Players build a repeatable shot, strong layup technique, and confidence near the basket.
This activity sharpens the foundation of offensive scoring. Players learn how to place the hands correctly, keep the body under control, and finish with touch and confidence. Every rep reinforces a simple idea: good balance creates a good shot.
| Drill | What players do | Coaching focus |
|---|---|---|
| Form shooting close to the basket | Players shoot one-hand form shots from short range, then add the guide hand without changing body alignment. | Elbow under the ball, follow-through held, shot path straight and smooth. |
| Catch-and-set shooting | Players receive a pass, plant both feet, square the shoulders, and shoot in one controlled motion. | Quick set, stable base, no drifting sideways or leaning backward. |
| Layup lines | Players approach from both sides, take the correct final steps, and finish with the inside hand or outside hand as needed. | Proper footwork, ball protected, finish high off the glass. |
| Power finish reps | Players drive with controlled speed, gather the ball firmly, and finish through an imaginary defender. | Two strong steps, chest up, no rushed release. |
The sequence stays simple so players can repeat the same pattern on every rep.
Players learn to move without the ball, create space, and stay ready to receive a pass or attack a gap. The focus is on sharp cuts, strong pivots, and smart positioning that helps the offense stay open and active.
When one player cuts, another player fills the open space. This keeps the offense balanced and gives the ballhandler clear passing options.
Key point: The cut is sharp, and the replacement is instant so the floor stays spaced.
Key point: Strong pivots help players protect the ball and create a clean look at the floor.

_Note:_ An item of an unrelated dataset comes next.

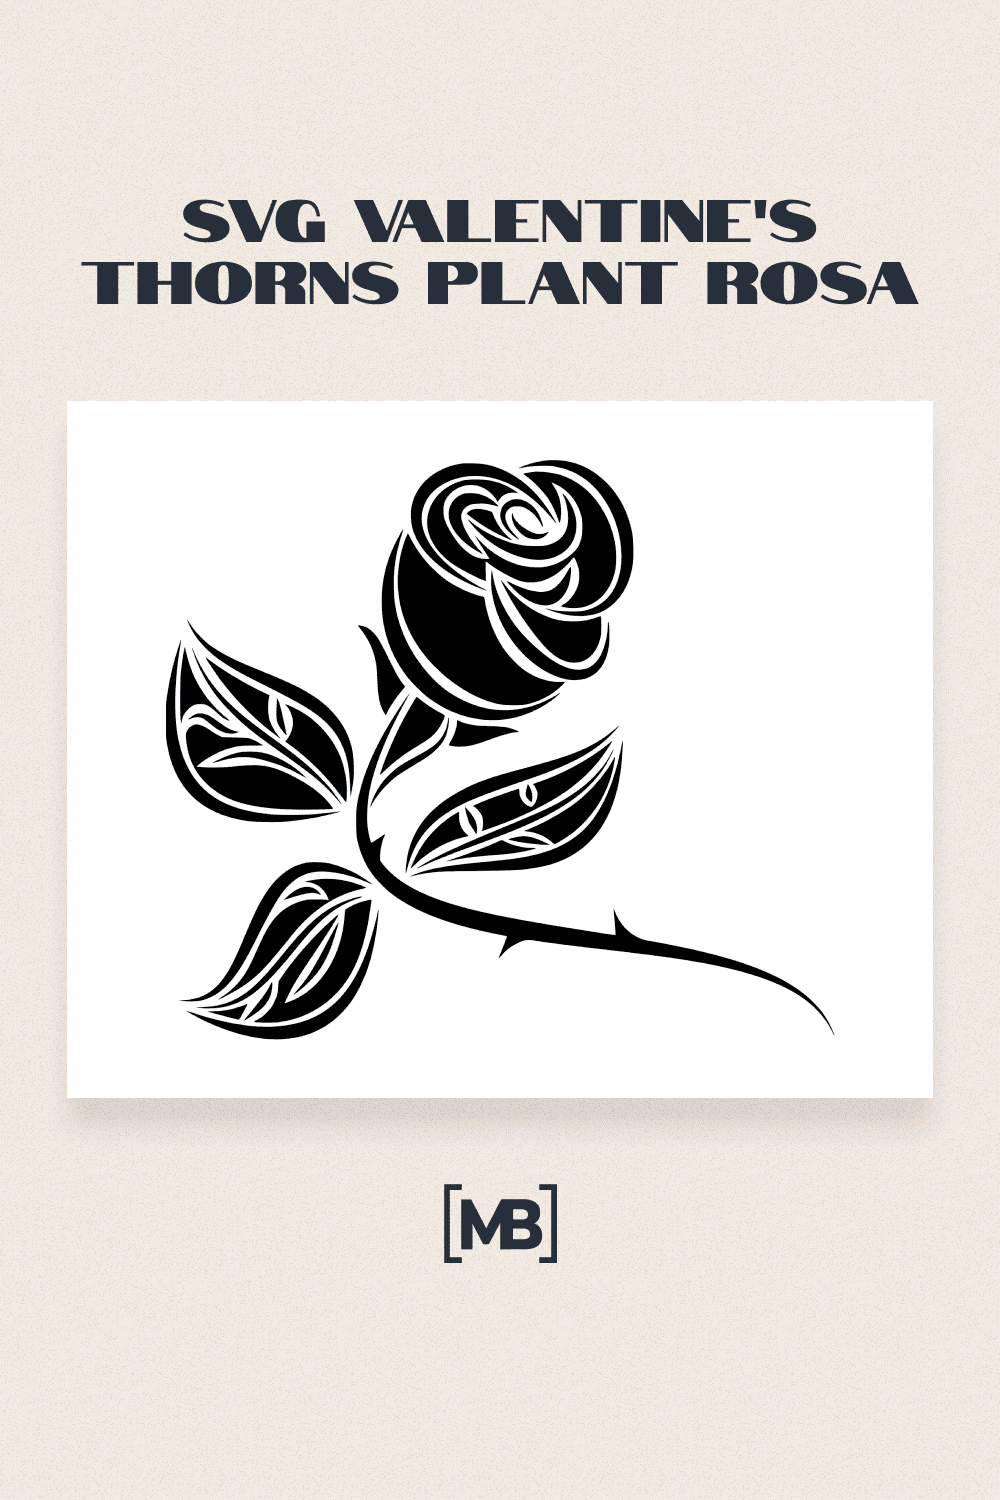 SVG valentine's thorns plant rosa.

| Action | What players do | Why it helps |
|---|---|---|
| Cut | Move hard to the basket or across the lane. | Forces the defense to react and opens another area. |
| Fill | Replace the spot left open by a teammate. | Keeps passing lanes clear and balanced. |
| Pivot | Turn on one foot to face a new direction. | Protects the ball and reveals new options. |
| Relocate | Move after passing to a new open spot. | Makes the defense adjust again and again. |
Focus: Players pass with purpose, move immediately after passing, and read teammates to create open lanes to the basket.

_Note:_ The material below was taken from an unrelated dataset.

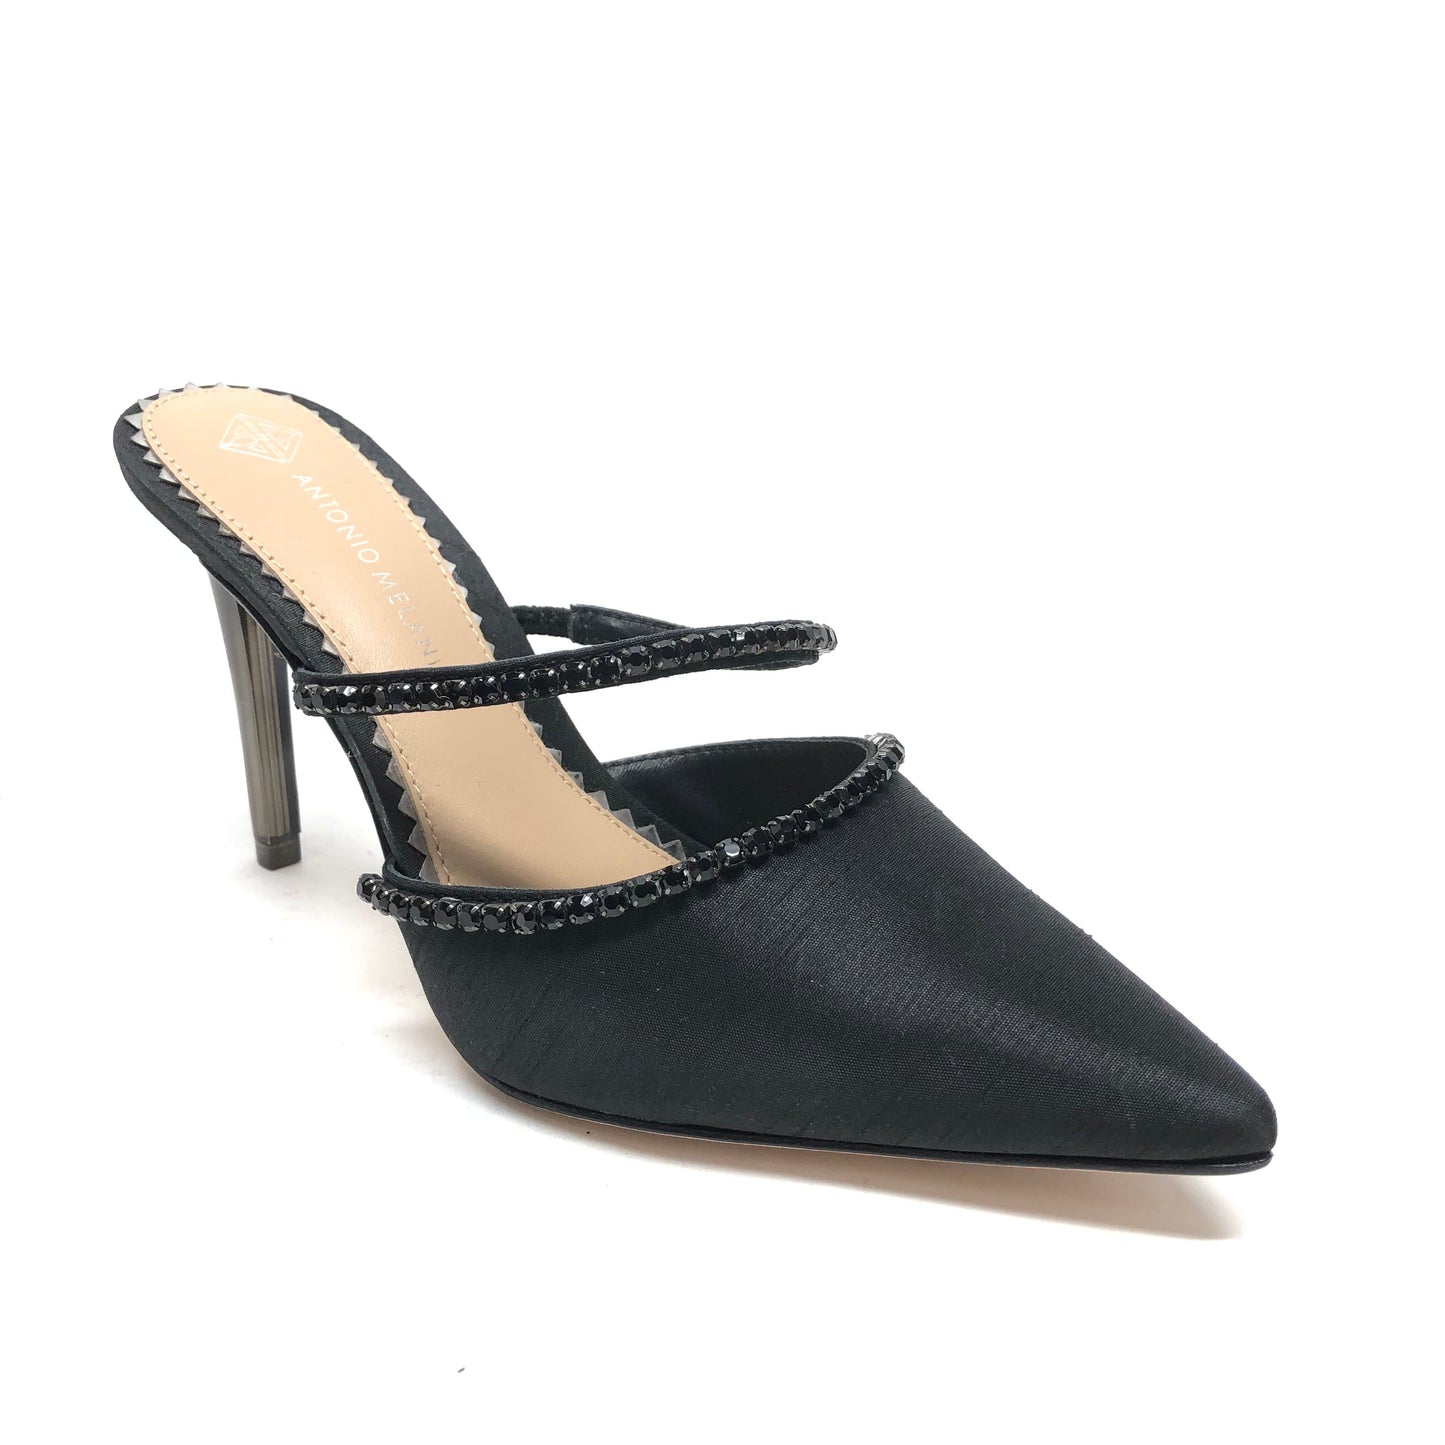 Shoes Heels Stiletto By Antonio Melani  Size: 5.5

Coaching message: Pass, then move. A good offensive player does not admire the pass; they create the next advantage with a cut, a screen look, or a change of direction.
| Step | Player action |
|---|---|
| 1. Pass and follow | Make a crisp chest pass, then cut hard toward space. |
| 2. Give-and-go | Pass to a teammate, then sprint to the basket for a return pass. |
| 3. Read and react | Watch the defender and choose backdoor, basket cut, or replace. |
Coaching cues: thumbs behind the ball, step to the target, catch with soft hands, and show a clear target.
Coaching cues: sprint on the cut, change pace, and arrive ready to catch or continue movement.

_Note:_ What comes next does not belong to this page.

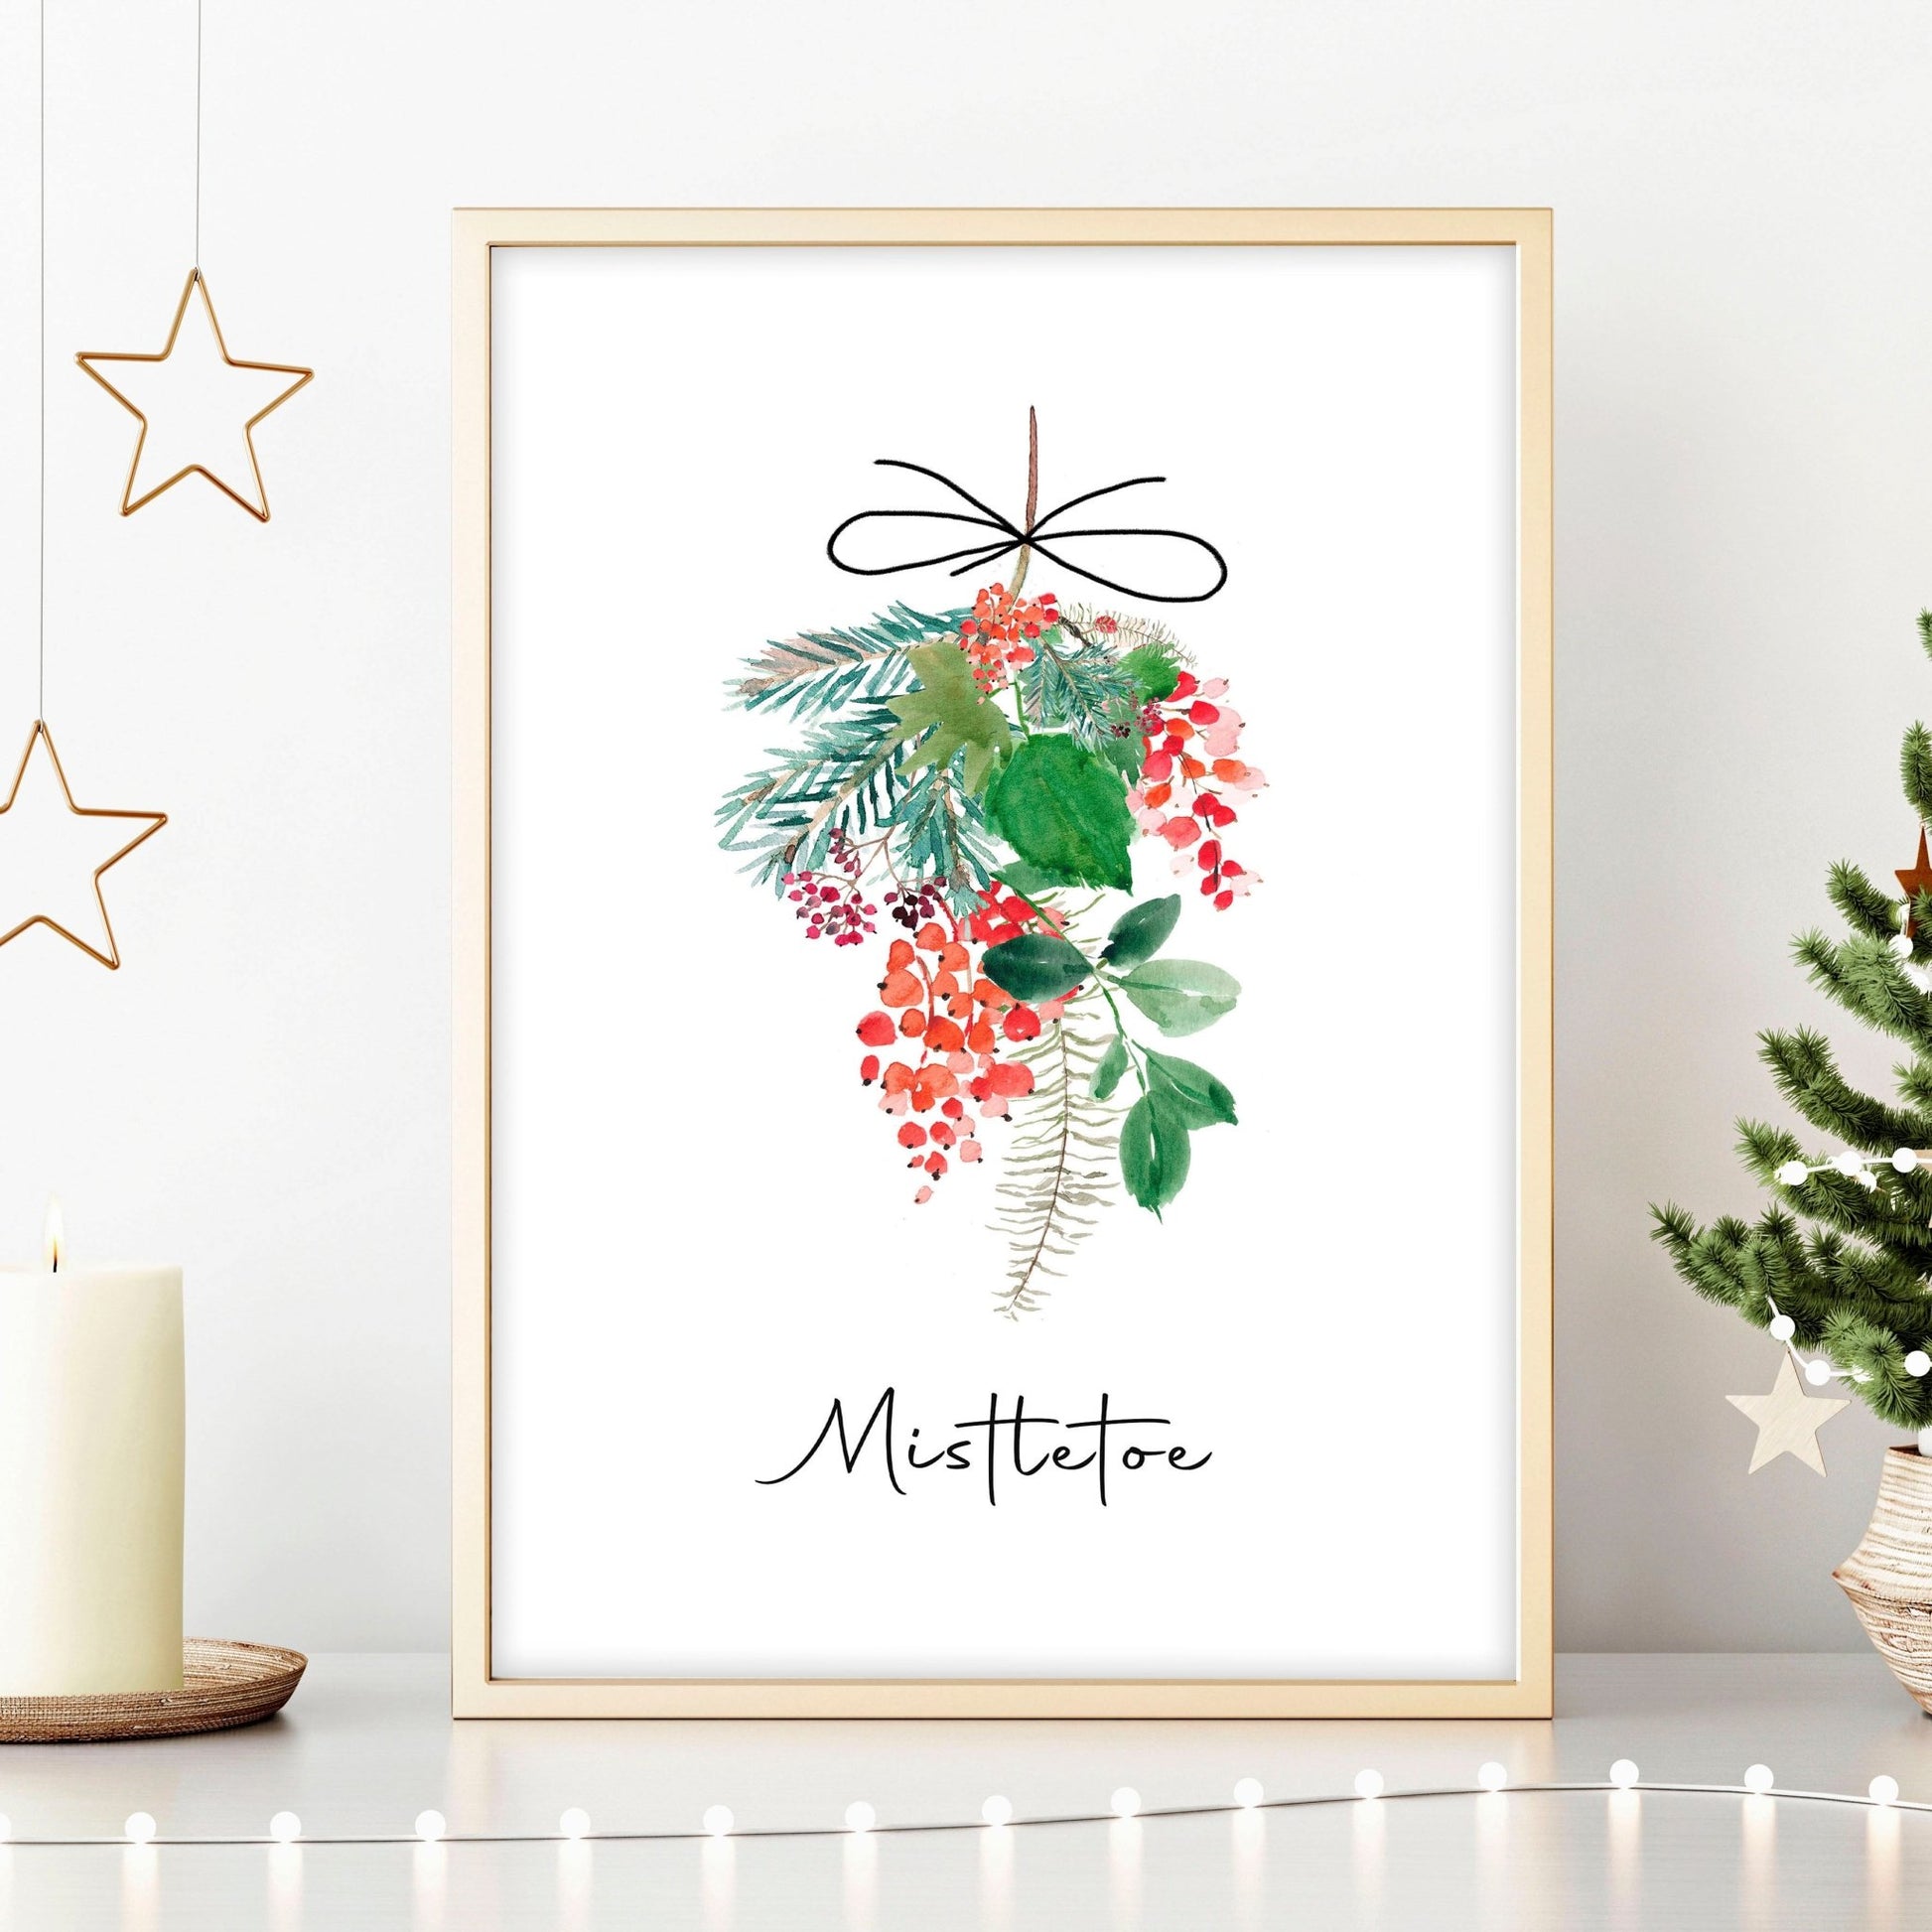 Mistletoe painting | Wall art print for Christmas decor - About Wall Art

Players now connect the earlier ball-handling, passing, cutting, and shooting work into simple team actions that create open looks and build shared decision-making.
Short, loud calls help players react together and keep the offense flowing.
Players push the ball up the floor before the defense sets. The ball handler looks ahead, wing players sprint wide, and the trailer arrives for a possible pass or reset.
A screen is a legal body position that frees a teammate. The screener stands still, the teammate uses the screen tightly, and both players read the defender’s reaction.
| Action | How it works | Coaching points |
|---|---|---|
| On-ball screen | A teammate sets a screen for the ball handler to create space to drive or shoot. | Set feet, stay still, use a tight angle, and turn the corner quickly after contact. |
| Off-ball screen | A teammate screens a defender away from the ball to free a shooter or cutter. | Walk the defender into the screen, cut shoulder-to-shoulder, and show hands for the pass. |
| Screen-and-roll look | After screening, the screener rolls toward the basket for a return pass. | Roll with purpose, keep spacing, and watch for a quick interior pass. |
This set gives players a clear pattern while still allowing reads. It builds timing and helps players learn where to move without standing still.
Key idea: move the defense first, then attack the gap it creates.
Players apply offensive skills in live play with coach-led feedback and clear scoring goals.
Players transfer the lesson into game-like play by reading space, moving without the ball, sharing the ball, and taking open shots with confidence.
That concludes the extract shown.